/CAMIKraken

A Dockerfile and wrappers for the Kraken metagenomic classifier

Primary LanguagePython

CAMIKraken

This small repository contains a Dockerfile that installs Kraken, as well as shell and python scripts to convert the output to comply with the CAMI competition output format.

The Dockerfile complies with the Bioboxes profiling format 0.9.

Obtaining the docker

You can either pull from Dockerhub:

docker pull dkoslicki/camikraken

Or pull this repository and compile yourself:

git clone https://gihub.com/dkoslicki/CAMIKraken.git
cd CAMIKraken/Docker
docker build -t username/imagename .

Training

There is a training task in this docker that will train Kraken using the default training parameters. The taxonomy is specified by providing a file called taxonomy.tar.gz that contains the files: names.dmp, nodes.dmp and gi_taxid_nucl.dmp. The fasta file(s) containing the training organisms will need to be provided to the docker, with a file (called sample.fna.list) that lists which files to train on.

Note that training on the NCBI bacterial genomes can take approximately 4 hours (using 48 cores and ~180GB of RAM).

An example command for training using the docker is:

docker run --rm -e "DCKR_THREADS=48" -v /path/to/output:/dckr/mnt/output:rw -v /path/to/TrainingData:/dckr/mnt/input:ro -t dkoslicki/camikraken train

Where the folder /path/to/TrainingData has the files taxonomy.tar.gz, sample.fna.list, and the files listed in sample.fna.list.

Testing

After training is complete, the default task will classify an input metagenome.

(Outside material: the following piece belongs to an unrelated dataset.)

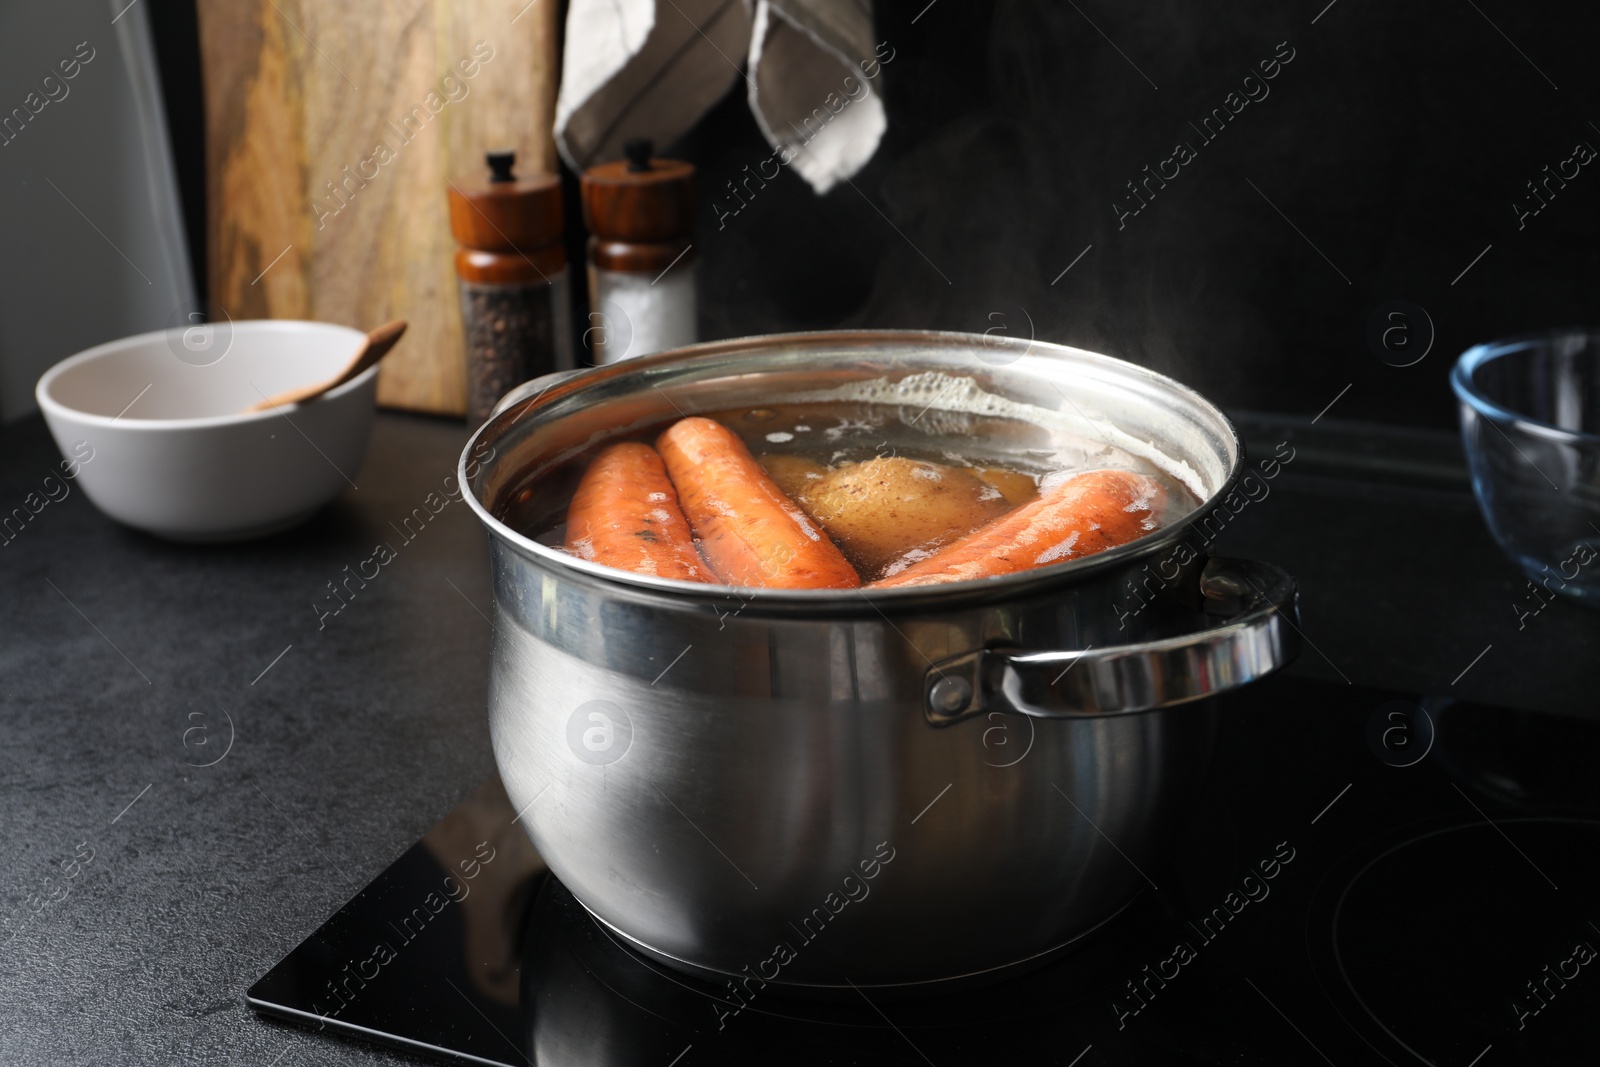 Photo of Boiling carrot and potatoes in pot on electric stove. Cooking vinaigrette salad

An example command would be:

docker run --rm -e "DCKR_THREADS=48" -v /path/to/Database:/dckr/mnt/camiref/Database:ro -v /path/to/output:/dckr/mnt/output:rw -v /path/to/input:/dckr/mnt/input:ro -t dkoslicki/camikraken default

Where the folder /path/to/Database was produced by the train task. The folder /path/to/input must have a file called sample.fq.gz.list that lists the files present in /path/to/input that you wish to have classified.